(Records from a data source)
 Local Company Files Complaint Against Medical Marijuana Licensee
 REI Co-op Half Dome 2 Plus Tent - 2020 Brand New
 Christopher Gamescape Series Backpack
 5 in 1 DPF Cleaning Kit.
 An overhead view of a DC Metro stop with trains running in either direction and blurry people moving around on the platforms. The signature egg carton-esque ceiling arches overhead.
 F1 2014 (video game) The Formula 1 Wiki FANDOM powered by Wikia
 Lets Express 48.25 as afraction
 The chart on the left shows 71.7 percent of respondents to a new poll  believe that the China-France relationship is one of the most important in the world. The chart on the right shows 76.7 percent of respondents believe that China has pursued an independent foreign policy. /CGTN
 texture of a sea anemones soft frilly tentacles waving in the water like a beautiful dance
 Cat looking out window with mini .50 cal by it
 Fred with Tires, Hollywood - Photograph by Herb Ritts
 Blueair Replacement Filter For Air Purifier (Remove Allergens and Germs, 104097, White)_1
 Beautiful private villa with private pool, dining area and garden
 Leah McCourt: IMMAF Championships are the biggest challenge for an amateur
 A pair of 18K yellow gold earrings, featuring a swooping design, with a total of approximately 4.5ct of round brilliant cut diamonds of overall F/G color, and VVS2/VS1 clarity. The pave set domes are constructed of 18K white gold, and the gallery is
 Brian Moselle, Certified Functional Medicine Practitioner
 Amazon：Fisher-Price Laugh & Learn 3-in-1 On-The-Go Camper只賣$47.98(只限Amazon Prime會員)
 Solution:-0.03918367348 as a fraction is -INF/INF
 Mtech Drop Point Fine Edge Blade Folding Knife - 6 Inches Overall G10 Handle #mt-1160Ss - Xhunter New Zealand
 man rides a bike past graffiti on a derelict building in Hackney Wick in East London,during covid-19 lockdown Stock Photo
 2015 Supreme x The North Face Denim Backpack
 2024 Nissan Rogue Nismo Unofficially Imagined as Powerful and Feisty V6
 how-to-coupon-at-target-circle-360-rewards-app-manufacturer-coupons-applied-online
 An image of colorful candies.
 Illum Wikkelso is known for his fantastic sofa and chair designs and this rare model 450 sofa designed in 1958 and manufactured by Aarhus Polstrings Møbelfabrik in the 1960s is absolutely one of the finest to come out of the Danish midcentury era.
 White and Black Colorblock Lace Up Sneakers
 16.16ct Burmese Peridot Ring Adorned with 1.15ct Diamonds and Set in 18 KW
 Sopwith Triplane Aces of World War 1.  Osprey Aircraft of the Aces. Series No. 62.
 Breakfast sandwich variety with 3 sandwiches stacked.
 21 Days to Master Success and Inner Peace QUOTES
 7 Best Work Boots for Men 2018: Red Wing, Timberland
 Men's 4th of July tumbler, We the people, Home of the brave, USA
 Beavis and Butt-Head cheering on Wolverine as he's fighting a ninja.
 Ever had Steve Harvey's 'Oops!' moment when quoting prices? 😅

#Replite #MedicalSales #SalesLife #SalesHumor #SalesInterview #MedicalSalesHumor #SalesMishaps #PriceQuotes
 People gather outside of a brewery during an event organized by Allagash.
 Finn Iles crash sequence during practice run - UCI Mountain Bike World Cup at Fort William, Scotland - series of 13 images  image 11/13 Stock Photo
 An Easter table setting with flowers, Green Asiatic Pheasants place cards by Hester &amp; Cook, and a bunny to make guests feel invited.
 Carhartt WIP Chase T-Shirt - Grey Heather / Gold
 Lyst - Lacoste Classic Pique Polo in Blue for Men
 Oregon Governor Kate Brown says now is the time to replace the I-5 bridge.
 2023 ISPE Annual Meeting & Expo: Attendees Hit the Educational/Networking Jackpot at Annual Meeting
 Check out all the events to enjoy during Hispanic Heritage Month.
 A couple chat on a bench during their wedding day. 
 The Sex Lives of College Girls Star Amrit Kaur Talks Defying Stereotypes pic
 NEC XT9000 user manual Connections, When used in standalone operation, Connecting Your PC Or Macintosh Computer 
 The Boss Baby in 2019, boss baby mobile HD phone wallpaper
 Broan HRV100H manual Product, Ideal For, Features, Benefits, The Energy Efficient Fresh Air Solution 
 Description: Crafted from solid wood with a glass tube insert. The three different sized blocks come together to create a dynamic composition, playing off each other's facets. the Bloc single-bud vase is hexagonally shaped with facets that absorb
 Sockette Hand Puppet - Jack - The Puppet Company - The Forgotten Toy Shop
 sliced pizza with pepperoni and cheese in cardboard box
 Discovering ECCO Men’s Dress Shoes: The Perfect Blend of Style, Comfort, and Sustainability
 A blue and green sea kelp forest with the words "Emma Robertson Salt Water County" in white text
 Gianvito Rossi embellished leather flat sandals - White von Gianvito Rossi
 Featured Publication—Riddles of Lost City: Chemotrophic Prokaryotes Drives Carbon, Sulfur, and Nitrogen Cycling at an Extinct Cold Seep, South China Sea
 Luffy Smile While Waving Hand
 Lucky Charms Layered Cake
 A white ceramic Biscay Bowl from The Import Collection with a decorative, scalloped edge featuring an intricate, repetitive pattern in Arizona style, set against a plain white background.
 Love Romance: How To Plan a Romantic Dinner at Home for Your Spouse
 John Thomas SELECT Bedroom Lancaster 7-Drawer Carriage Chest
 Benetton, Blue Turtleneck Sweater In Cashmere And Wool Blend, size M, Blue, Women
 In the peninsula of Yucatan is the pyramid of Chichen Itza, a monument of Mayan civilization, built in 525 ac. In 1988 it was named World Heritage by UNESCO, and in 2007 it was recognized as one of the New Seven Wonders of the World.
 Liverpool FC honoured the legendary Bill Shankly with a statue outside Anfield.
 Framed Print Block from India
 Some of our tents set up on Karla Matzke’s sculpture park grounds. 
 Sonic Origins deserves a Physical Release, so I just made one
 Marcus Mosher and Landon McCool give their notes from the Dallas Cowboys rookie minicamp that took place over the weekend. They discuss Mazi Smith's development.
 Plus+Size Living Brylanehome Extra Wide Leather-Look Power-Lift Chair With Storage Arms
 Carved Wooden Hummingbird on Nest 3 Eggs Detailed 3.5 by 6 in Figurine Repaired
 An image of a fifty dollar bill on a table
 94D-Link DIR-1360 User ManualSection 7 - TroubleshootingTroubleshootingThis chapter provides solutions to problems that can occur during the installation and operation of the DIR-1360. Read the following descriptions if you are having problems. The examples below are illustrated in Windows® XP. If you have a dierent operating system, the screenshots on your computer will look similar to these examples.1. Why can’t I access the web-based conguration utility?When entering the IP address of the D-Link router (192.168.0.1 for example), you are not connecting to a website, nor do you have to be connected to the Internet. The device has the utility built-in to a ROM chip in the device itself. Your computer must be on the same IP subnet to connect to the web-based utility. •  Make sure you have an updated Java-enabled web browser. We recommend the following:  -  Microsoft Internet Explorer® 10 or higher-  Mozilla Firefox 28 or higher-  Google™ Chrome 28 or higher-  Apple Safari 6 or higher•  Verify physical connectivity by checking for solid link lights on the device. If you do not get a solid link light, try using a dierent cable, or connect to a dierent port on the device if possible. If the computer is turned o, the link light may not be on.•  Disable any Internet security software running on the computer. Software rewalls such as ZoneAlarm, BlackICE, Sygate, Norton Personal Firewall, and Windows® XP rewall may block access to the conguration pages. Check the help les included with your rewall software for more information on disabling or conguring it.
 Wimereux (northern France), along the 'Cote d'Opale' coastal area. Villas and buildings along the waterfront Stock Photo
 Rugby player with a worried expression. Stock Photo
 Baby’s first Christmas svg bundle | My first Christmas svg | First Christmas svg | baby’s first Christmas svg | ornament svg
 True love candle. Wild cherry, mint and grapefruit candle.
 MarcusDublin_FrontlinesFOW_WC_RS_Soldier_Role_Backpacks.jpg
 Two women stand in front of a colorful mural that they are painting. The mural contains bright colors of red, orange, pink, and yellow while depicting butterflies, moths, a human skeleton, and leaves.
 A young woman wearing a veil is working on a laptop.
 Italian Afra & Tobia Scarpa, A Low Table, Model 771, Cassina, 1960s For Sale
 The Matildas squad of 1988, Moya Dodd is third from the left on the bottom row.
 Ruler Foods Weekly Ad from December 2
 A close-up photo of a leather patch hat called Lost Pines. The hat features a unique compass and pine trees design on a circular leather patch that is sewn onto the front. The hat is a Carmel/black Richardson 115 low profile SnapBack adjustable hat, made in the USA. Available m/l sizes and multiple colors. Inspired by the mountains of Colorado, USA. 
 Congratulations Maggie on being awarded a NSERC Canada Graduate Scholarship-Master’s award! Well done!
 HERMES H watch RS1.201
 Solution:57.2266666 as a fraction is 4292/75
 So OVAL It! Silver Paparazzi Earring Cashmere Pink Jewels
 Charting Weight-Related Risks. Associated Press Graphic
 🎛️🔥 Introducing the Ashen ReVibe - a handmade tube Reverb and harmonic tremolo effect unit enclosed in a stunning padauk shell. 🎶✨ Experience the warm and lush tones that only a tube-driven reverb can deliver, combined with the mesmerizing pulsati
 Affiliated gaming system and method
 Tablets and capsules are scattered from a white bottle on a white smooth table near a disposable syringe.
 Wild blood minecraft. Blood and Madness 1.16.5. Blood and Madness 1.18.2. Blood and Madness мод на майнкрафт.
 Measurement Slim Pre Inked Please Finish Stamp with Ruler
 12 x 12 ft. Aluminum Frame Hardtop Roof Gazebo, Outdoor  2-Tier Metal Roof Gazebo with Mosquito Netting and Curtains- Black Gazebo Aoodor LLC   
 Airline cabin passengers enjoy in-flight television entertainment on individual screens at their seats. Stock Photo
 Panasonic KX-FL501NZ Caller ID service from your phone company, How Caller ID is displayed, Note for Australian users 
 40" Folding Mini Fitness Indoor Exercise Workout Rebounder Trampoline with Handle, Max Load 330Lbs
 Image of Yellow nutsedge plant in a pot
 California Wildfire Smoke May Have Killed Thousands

--- Directions ---
Out of the entries, pull every line that mentions "area".

--- Completed task ---
 Beautiful private villa with private pool, dining area and garden
 Wimereux (northern France), along the 'Cote d'Opale' coastal area. Villas and buildings along the waterfront Stock Photo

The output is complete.